Jobs received a thunderous applause for the unveiling of iWife, the digital spouse for all of us. Steve Jobs announced that iNag would be the biggest draw. “Imagine a device that not only remembers your undone tasks, but also finds novel ways to nudge you about completing them,” Jobs said. The feature licenses a SmartSense technology that ratchets up the frequency of reminders and decibel level of the alarm as the task gets more postponed. “We couldn’t sell it without a snooze, but this gives us an edge,” he said.

The biggest technological hurdle in iNag was the interface. “Let’s be honest,” Jobs added. “The sort of person who puts off tasks probably puts off the entries too. We settled on a streamlined interface that works transparently in the background.”

The iRemember function logs all tasks into the iNag queue. iRemember also stores snippets of the owner’s conversations, and is well-equipped to bring those statements back in the future. “Who wouldn’t want a record of everything he ever said?”

Analysts were even more bullish on Jobs’ announcement that the iNag would eventually come in other configurations. The initial iNag, marketed to men, will reach sales targets by exploiting those men who are compelled to be on the bleeding edge of technology. The “iNag for women” will come with some key modifications. “I know a lot of working women who’ve stated their wish that they could have a wife at home doing the chores while they’re at the office. iWill ought to be just the ticket, taking out garbage, cleaning gutters, lawncare, and a whole host of home-improvement tasks.

Jobs predicted less friction toward the iWill penetrating the female demographic, as many women have become accustomed to replacing men with mechanical devices.

[tags]iPhone, humor, Ike Pigott, Occam’s RazR, Steve Jobs, Apple[/tags]

Comments

  1. If Jobs is planning on penetrating the female demographic with mechanical devices, he’ll need yet another name for it: iVibe.

  2. John Wagner says:

    Ha! Great post. I’m going iCrazy with all this Apple gushing.

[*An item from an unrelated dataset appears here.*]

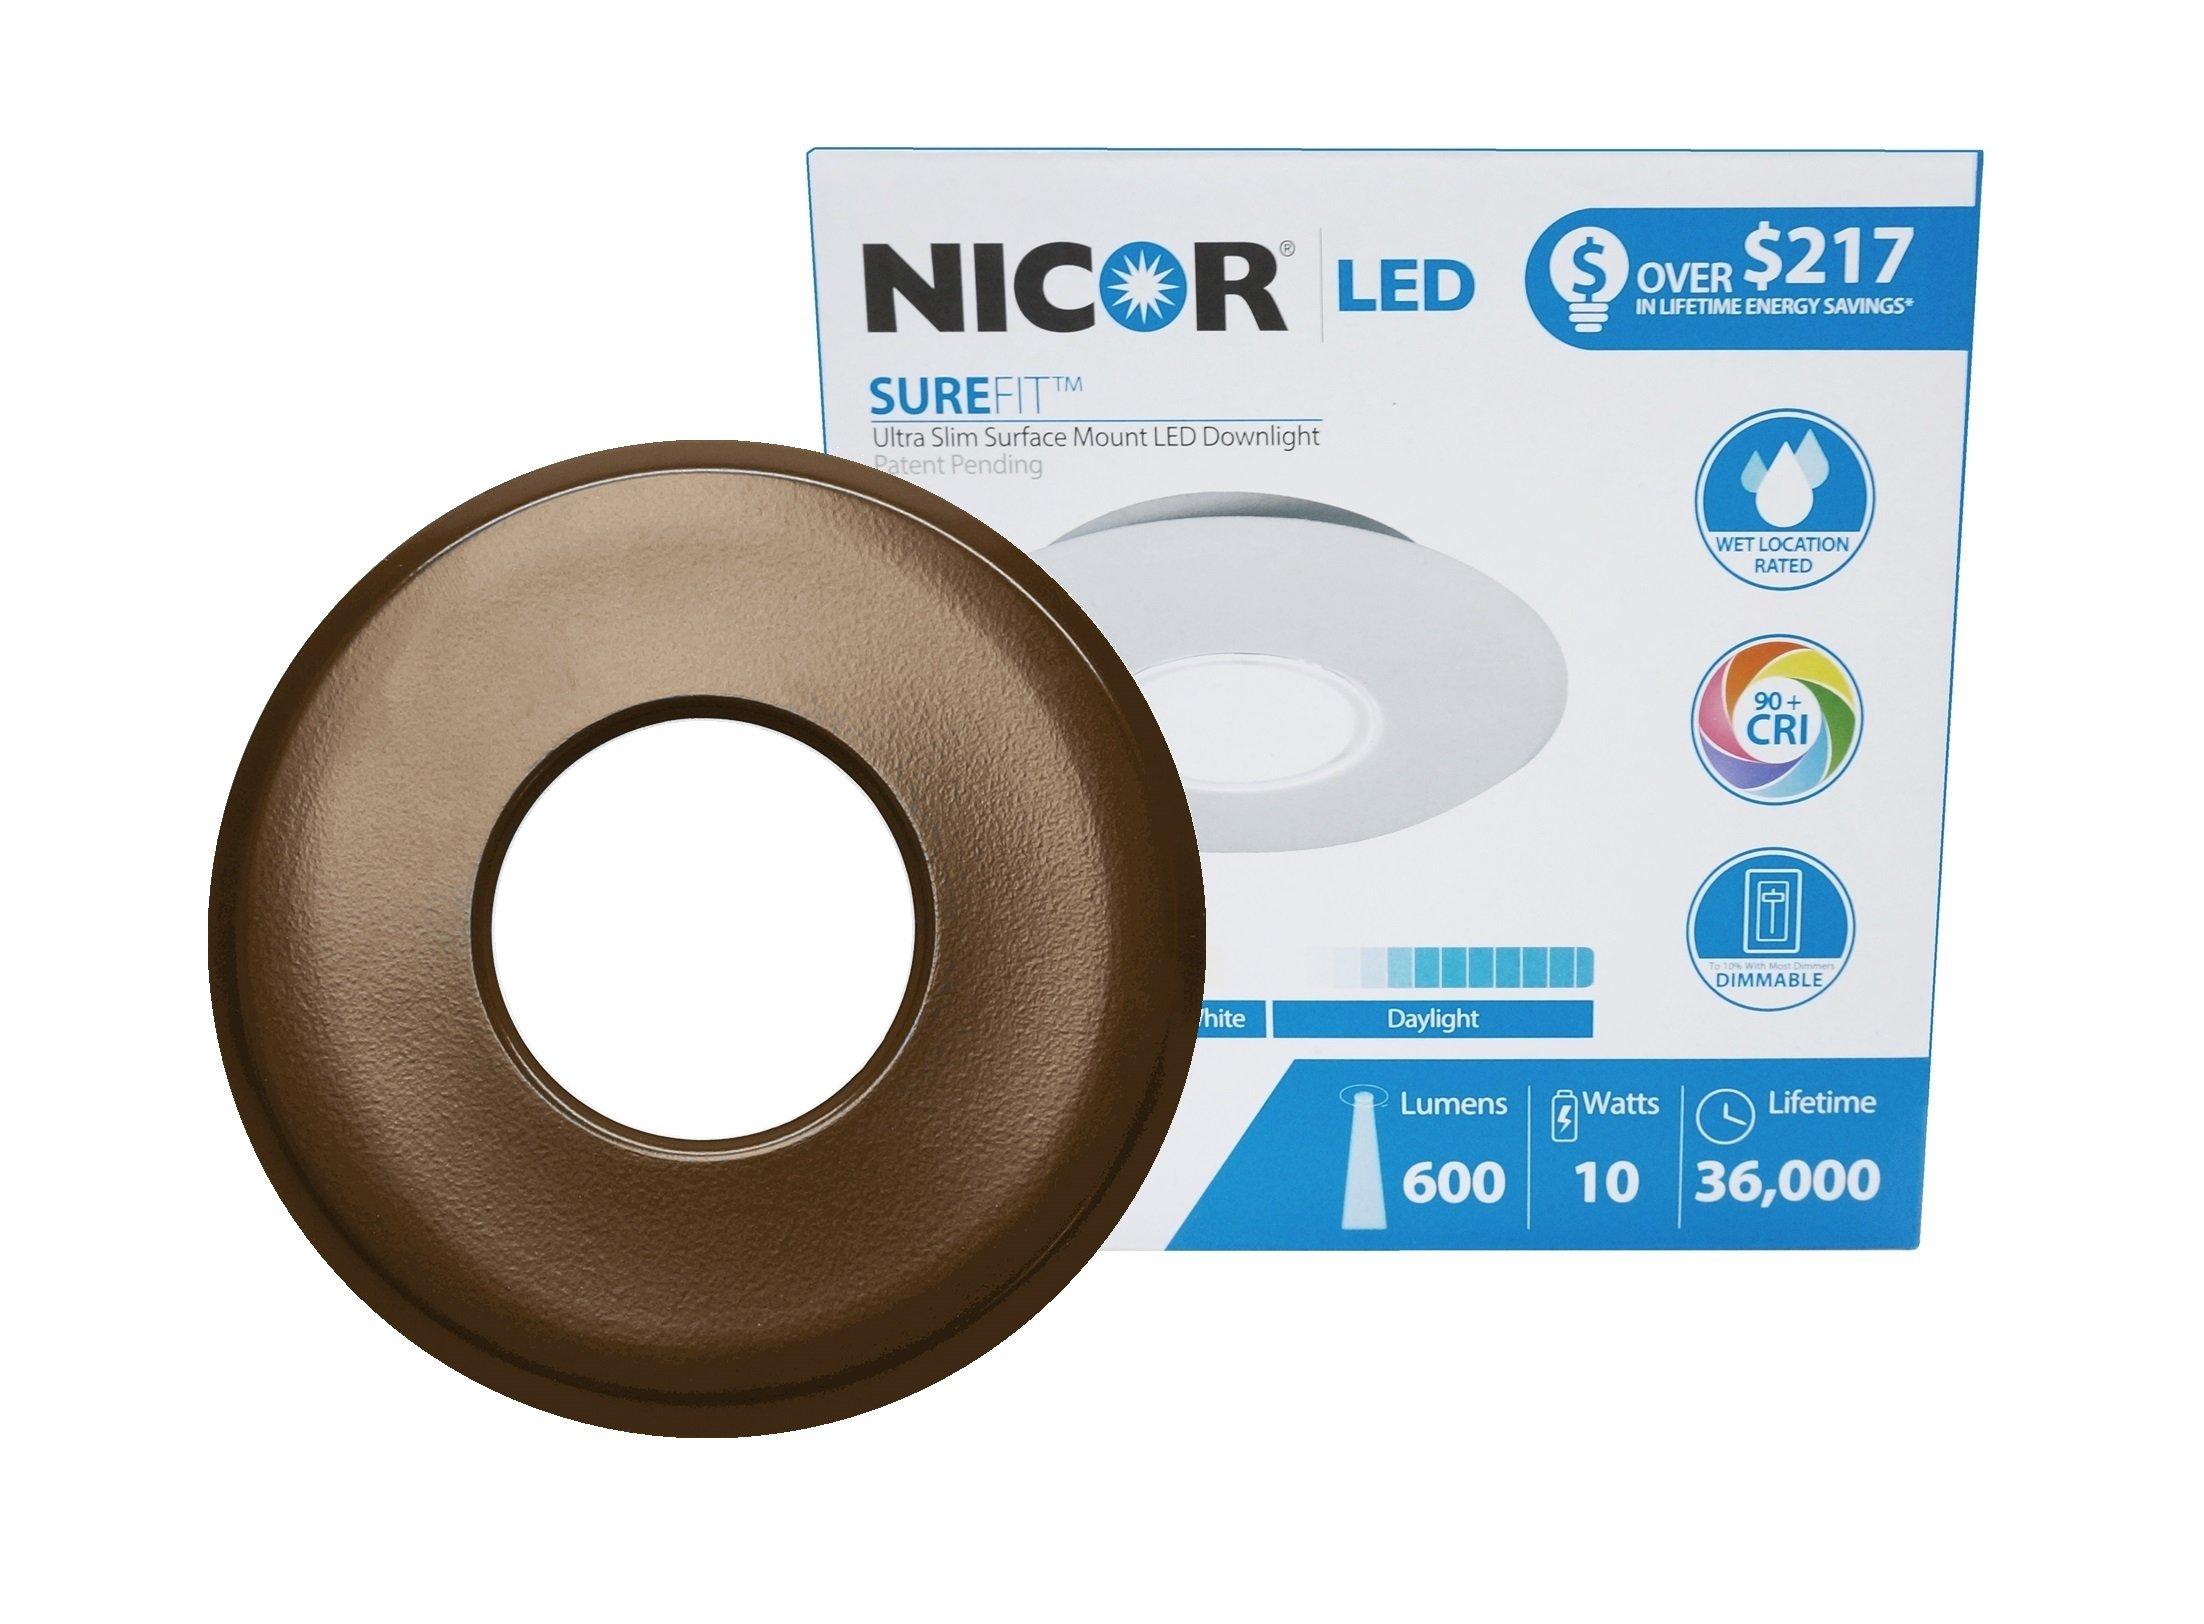 NICOR Lighting SureFit 5.25-inch Round Ultra Slim 3000K LED Junction Box Retrofit Downlight Kit, Oil-Rubbed Bronze (DLF-10-120-3K-RD-OB) by NICOR Lighting

  3. An iWife that “babysits the kids, watches soap operas, shops for groceries…” — sounds like the 1970s, not 2008. And iNag? Wow, not even sure what to say about that.

  4. Kami Huyse says:

    You are in trouble with the women Pigott, tread lightly. Plus, this can go two ways:

    In response to the announcement by Apple, Cisco announced that they were introducing the iHusband — it doesn’t do anything at all but complain about how the iWife steals its thunder.